One of the things that has come out—sorry, that is probably a bad term—or rather, has arisen recently is the question of making foul drainage systems safer, so that if flooding does happen, flood water does not turn into a solution of dilute sewage, adding health hazards to all the other problems of clean-up. That requires special measures, not least because shared sewer pipes that are on private property but are ultimately connected to a public sewer are now the responsibility of the statutory sewage undertaker. I have this terrible feeling that they have no idea of the routes, the condition or the materials of half of these pipes for which they have now inherited responsibility. They have my sympathy in that respect.

The noble Lord, Lord Krebs, referred to building on flood plains. My only point there is that protecting properties so that they are themselves secure against flooding is one thing. Transferring risks to properties elsewhere is self-defeating. My difficulty is that I am not sure that a holistic approach is taken to dealing with the totality of flood plains. Often, these may be in more than one local planning authority area, so there may be problems of co-ordination. With regard to that, the noble Lord, Lord Shipley, referred to the competence and capacity of local government and the noble Baroness, Lady Parminter, referred to reductions in Environment Agency budgets that might affect its ability to have this overarching, integrated view. I worry about that. It is vital that the sort of report that the noble Lord, Lord Shipley, has in mind covers all these aspects. If we start leaving bits out, we shall be no further forward in a few years’ time than we are now.

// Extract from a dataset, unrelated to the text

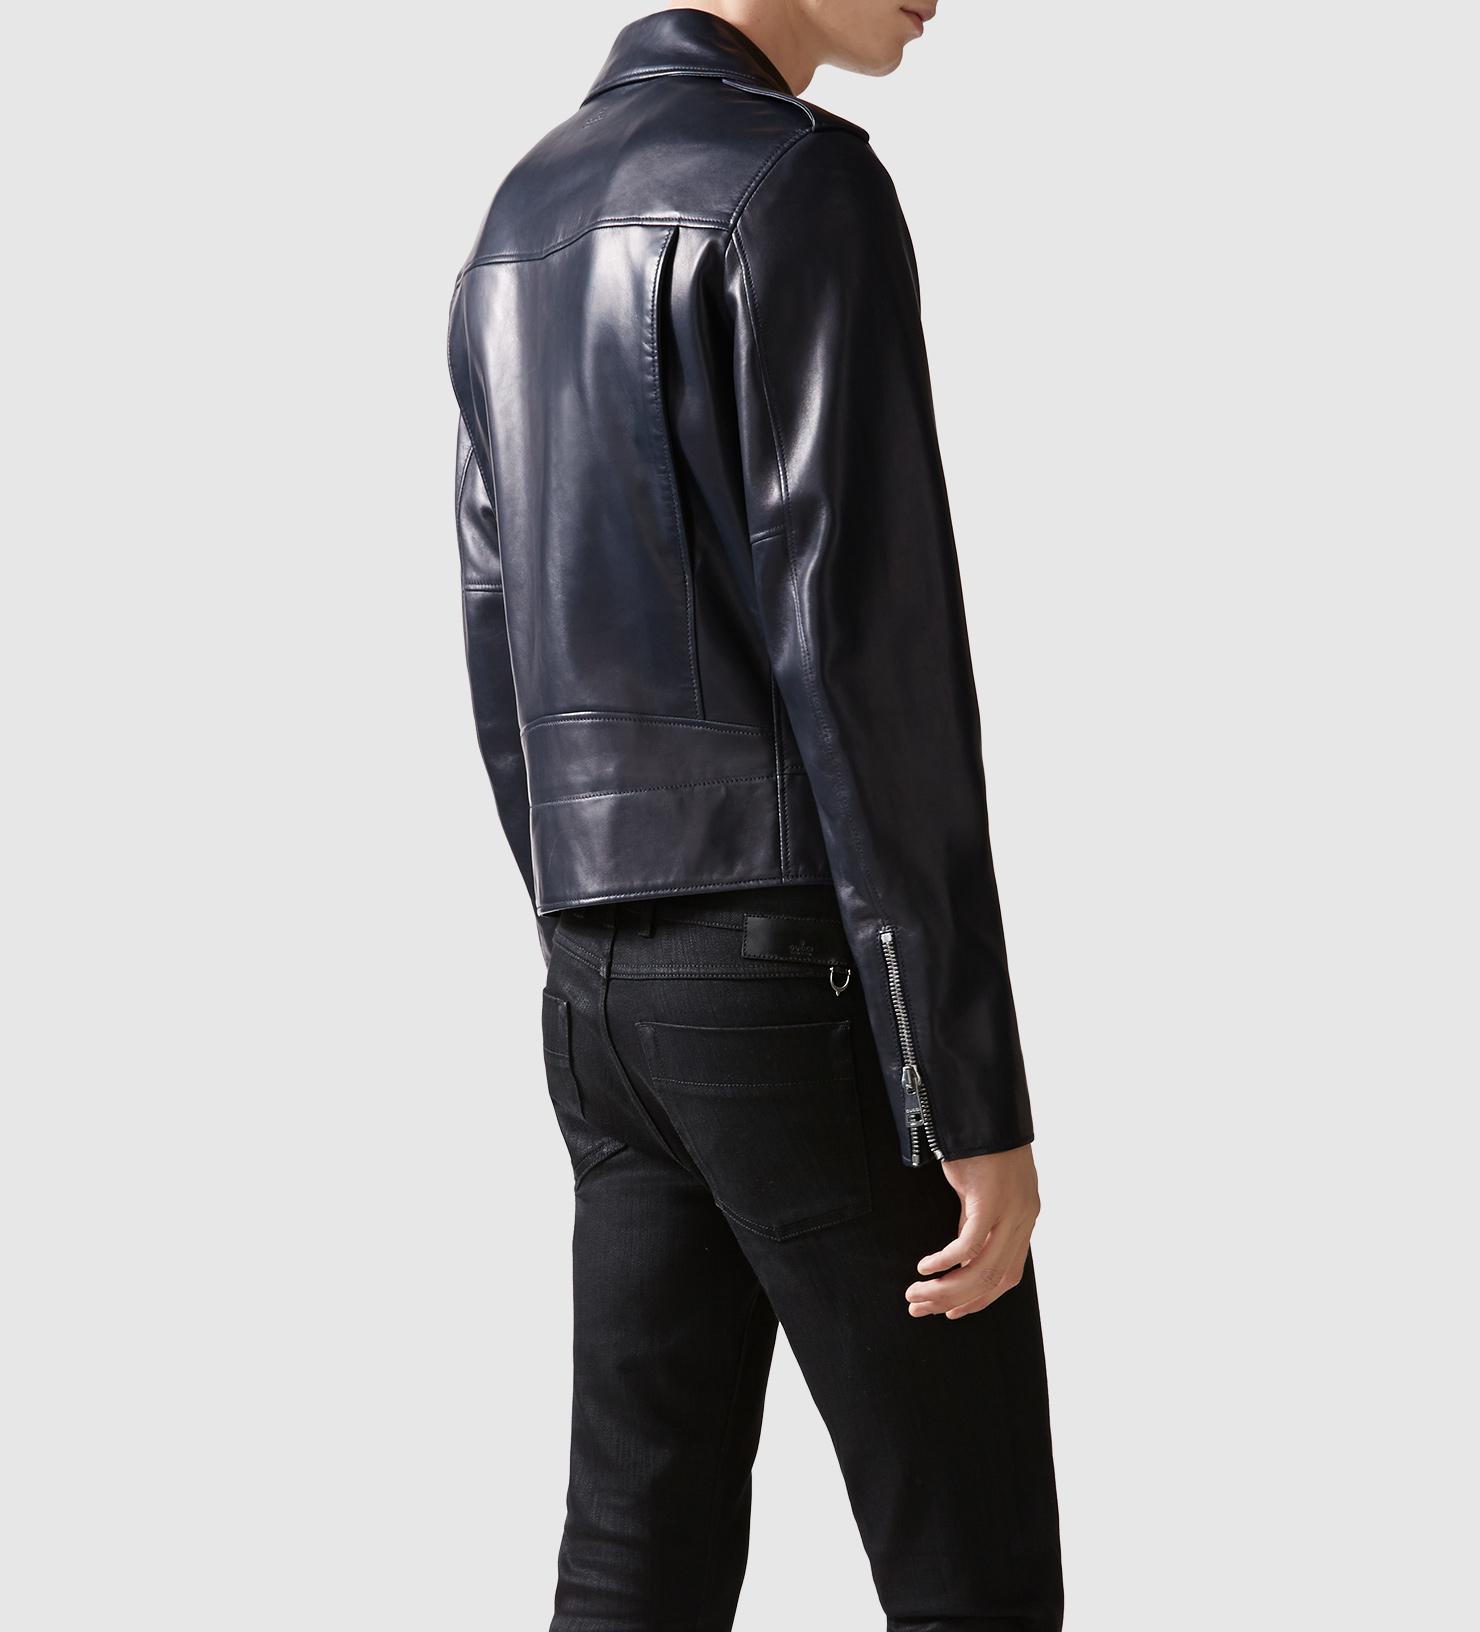 lyst gucci leather biker jacket in black for men

I draw attention to the catchment area management plan referred to by the noble Lord, Lord Campbell-Savours. I have some experience of this, not all of it edifying. In at least one instance, I found that half the catchment area concerned, the upstream half, was missing from the plan. The only fact that I could ascertain was that the owner of the missing part was the National Trust. I am unsure what conclusions I should draw from that, but if you have a catchment management plan, the boundary of it has to be drawn along the watershed. No other boundary is possible. The simple arithmetic that was drummed into me, probably from O-level geography onwards, has not escaped me. Making up rules to suit as one goes along will not wash. I am sorry for that terminology as well.

Some time ago, I attended a professional lecture on restoring part of southern Exmoor to a peat bog so that it would hold more water and release it more slowly into the River Barle and the River Exe systems. It had something to do with pumping and repumping water back into Wimbleball reservoir, which I shall not go into. I nicknamed the scheme the “Exmoor sponge”. I do not think anyone else has used that term. There is nothing wrong with such projects, but if they do not have durable management structures that are proof against misuse for commercial objectives, neglect because of spending cuts, simply being forgotten, or participant landowners deciding that there are better land uses that they would rather adopt, they will fail. There need to be more durable ways of dealing with these things. That is the sum total of the points that I wish to make. The last of them probably goes a bit beyond the amendment proposed by the noble Lord, Lord Shipley, but it was worth mentioning in the context of what was said by the noble Lord, Lord Campbell-Savours.